#### [EXERCISE]
Look through the data below and output, unchanged, every line from the one holding "Най-добрият ни тенисист" through the one holding "企業VP、ギター、ピアノの再生済みの波形", inclusive. Skip the pictures.

#### [SUPPLIED RECORDS]

*-*-*

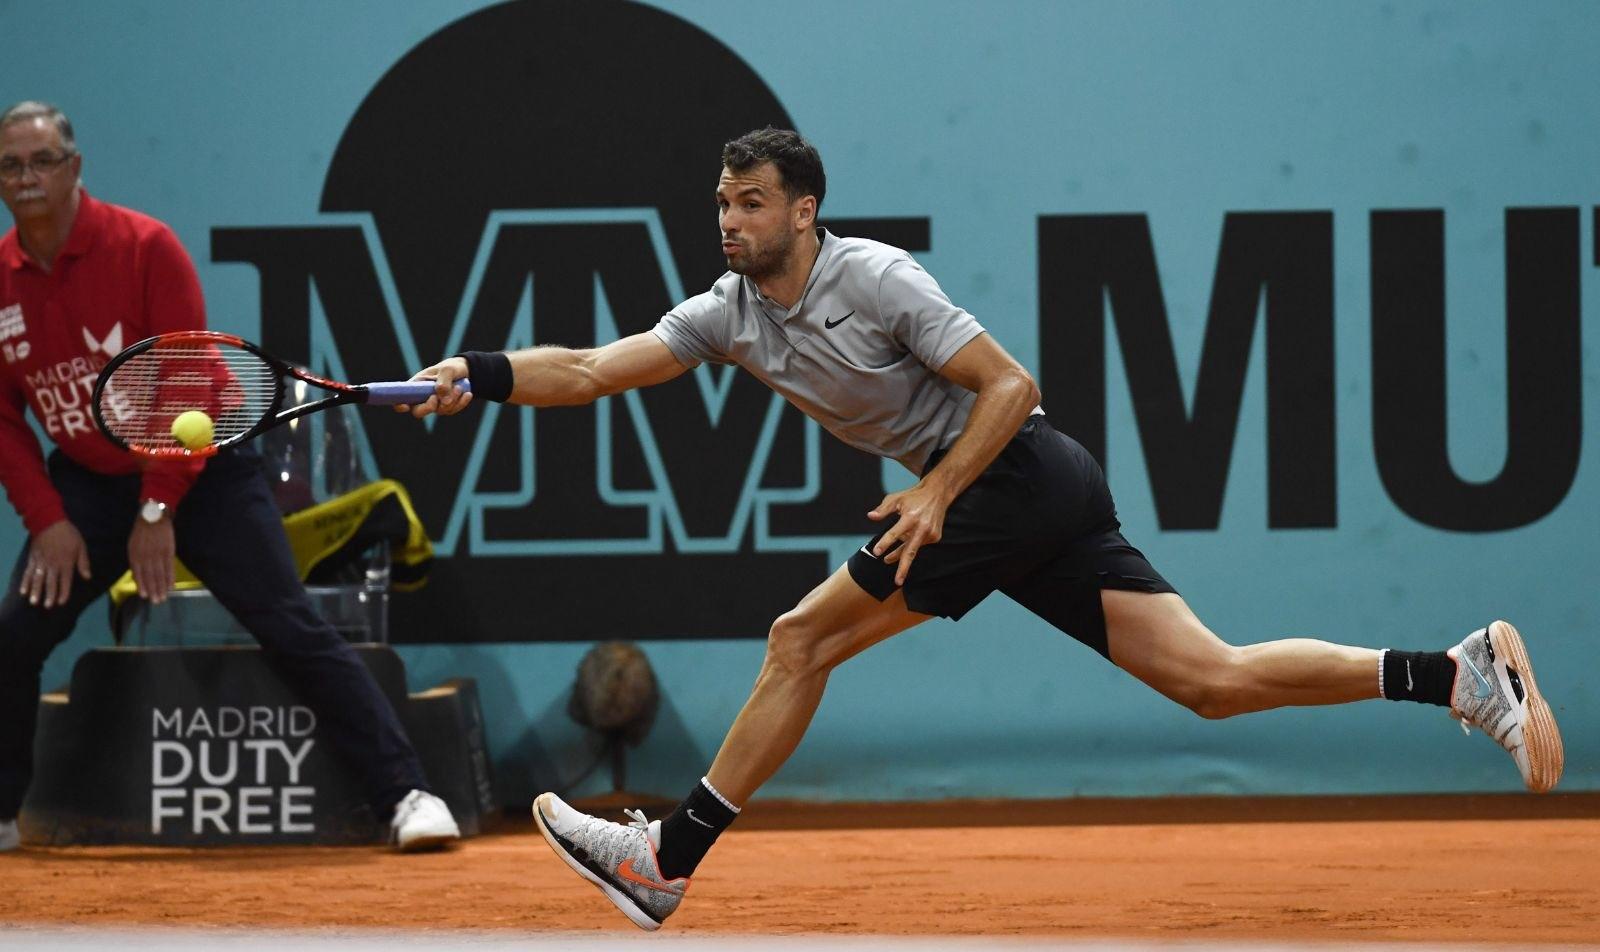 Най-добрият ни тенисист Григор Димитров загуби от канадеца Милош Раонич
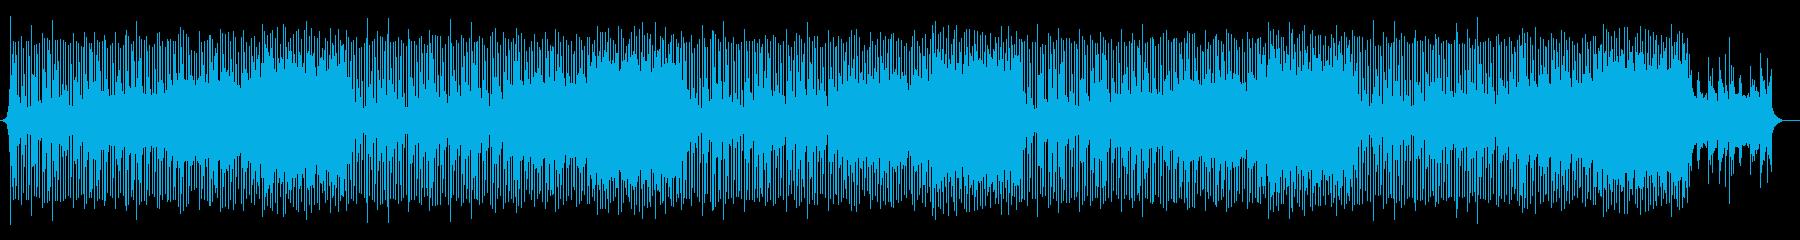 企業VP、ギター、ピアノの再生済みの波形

*-*-*

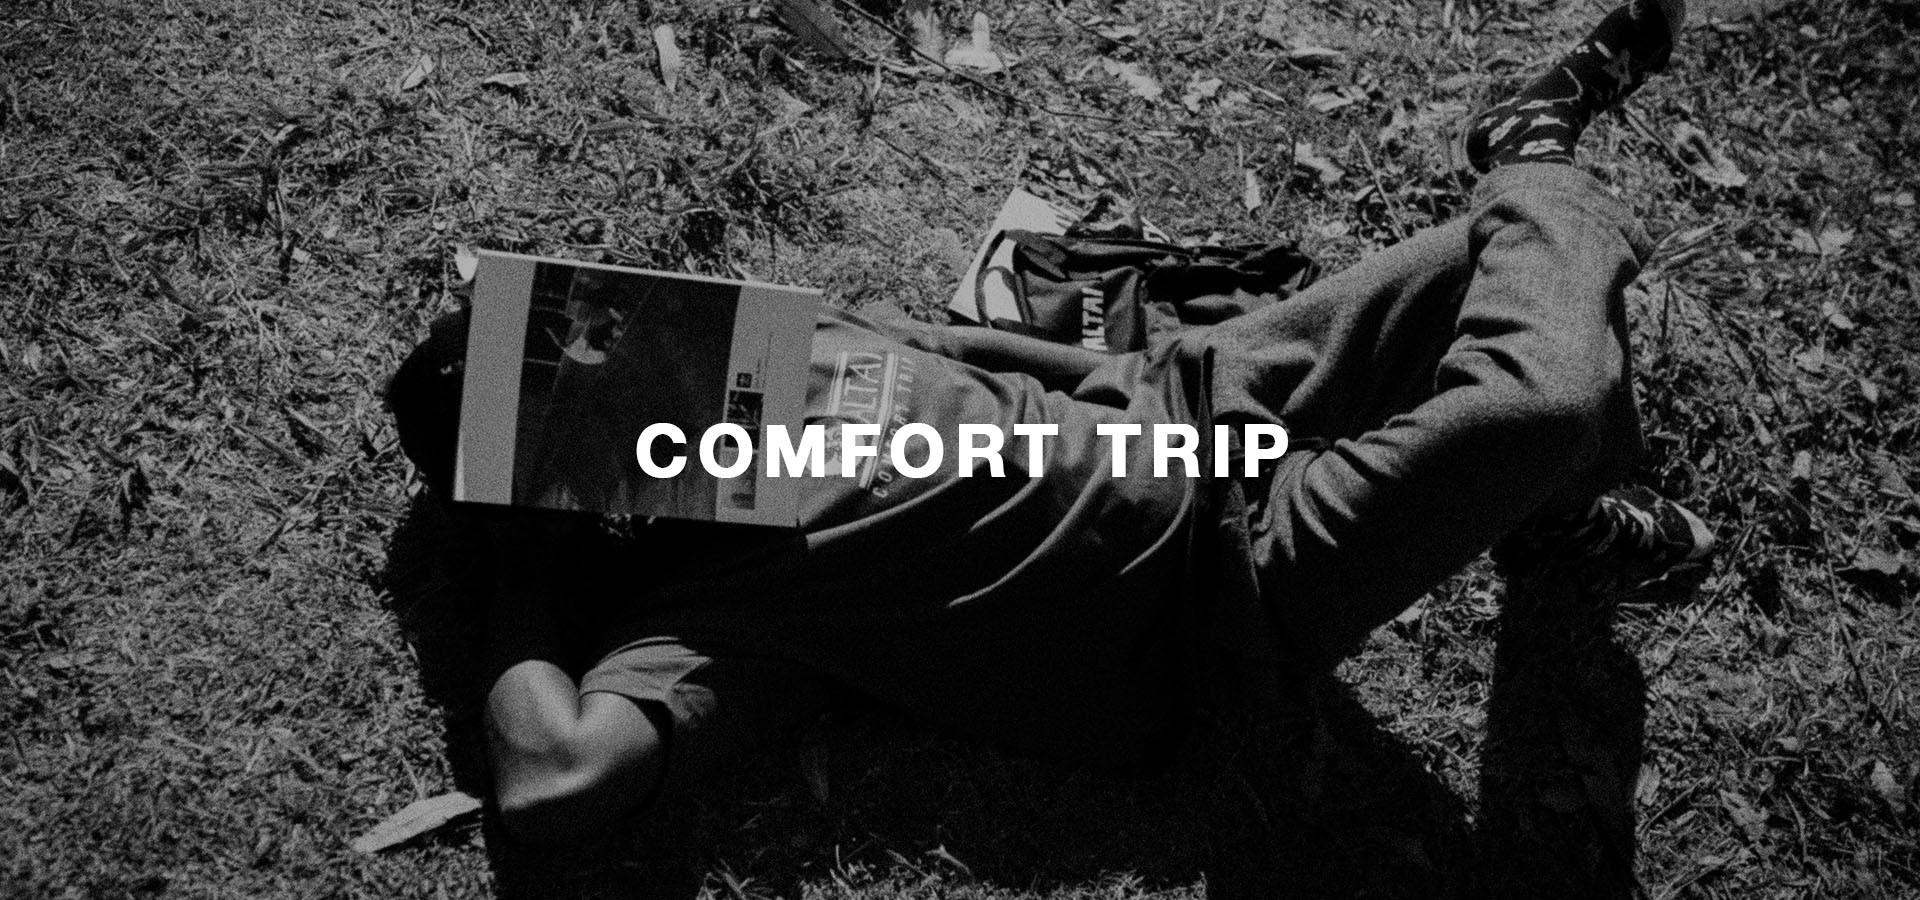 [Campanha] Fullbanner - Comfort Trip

*-*-*

#### [SOLUTION FOR THIS TASK]
 Най-добрият ни тенисист Григор Димитров загуби от канадеца Милош Раонич
 企業VP、ギター、ピアノの再生済みの波形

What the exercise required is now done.